Use Case EDA Prometheus

Overview

This use case allows you to demonstrate Event-driven-Ansible (EDA) with Prometheus and its companion Alertmanager

Prerequisites

  • provide AWS credentials (currently only works on AWS)

Caveats

  • be aware that Prometheus can take some time to detect an event

    • A detected issue first goes into pending and then into firing state
    • the settings in prometheus are tuned for this use-case to make it as fast a possible

  • When an event goes into firing state it is sent to Alertmanager.

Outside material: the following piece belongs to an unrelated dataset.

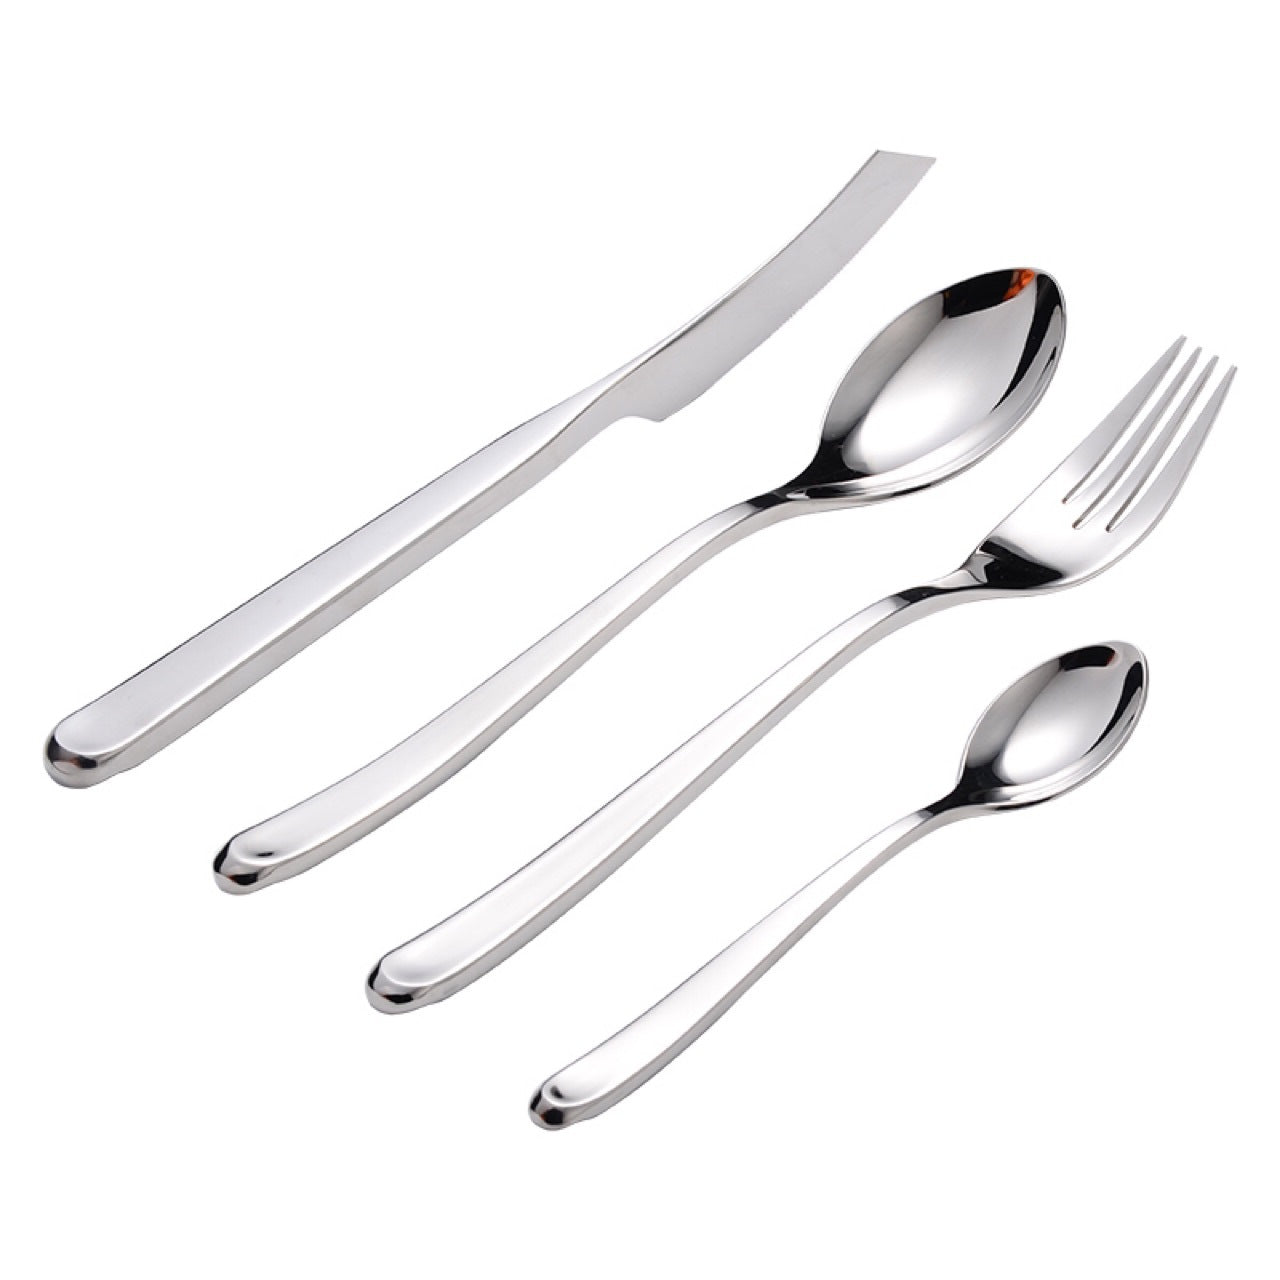 Ritz Silver Luxury Cutlery Set

    • Alertmanager will forward it immediatly to the configured event stream in the running rulebook activation

  • EDA sometimes ignores events - it often makes sense to do a couple of use cases, of if time permits retry

  • Running the use-case playbook again sometime gives errors, mostly access errors. The root cause is unknown, but rerunning it usually fixes it.

How to use

There is currently one demo available:

Demo 1

Can be deployed using the workflow “Deploy EDA Prometheus Demo 1”

  • The demo will deploy:
    • one instance “prometheus” where it will install both prometheus server and alertmanager
    • one instance “node1” with RHEL that is configured as the node that is monitored for events by promatheus
    • prometheus os preconfigured to monitor for the SELinux state
    • EDA is configured to run a Job Template “EDA - Harden RHEL server” to fix the SELinux setting

For web only demo’s cockpit is preinstalled on each monitored system, but disabled. To enable:

  • systemctl enable cockpit
  • give the ec2-user a password
  • cockpit can be accessed on port 9090 on each monitored system (in demo 1 this is node1)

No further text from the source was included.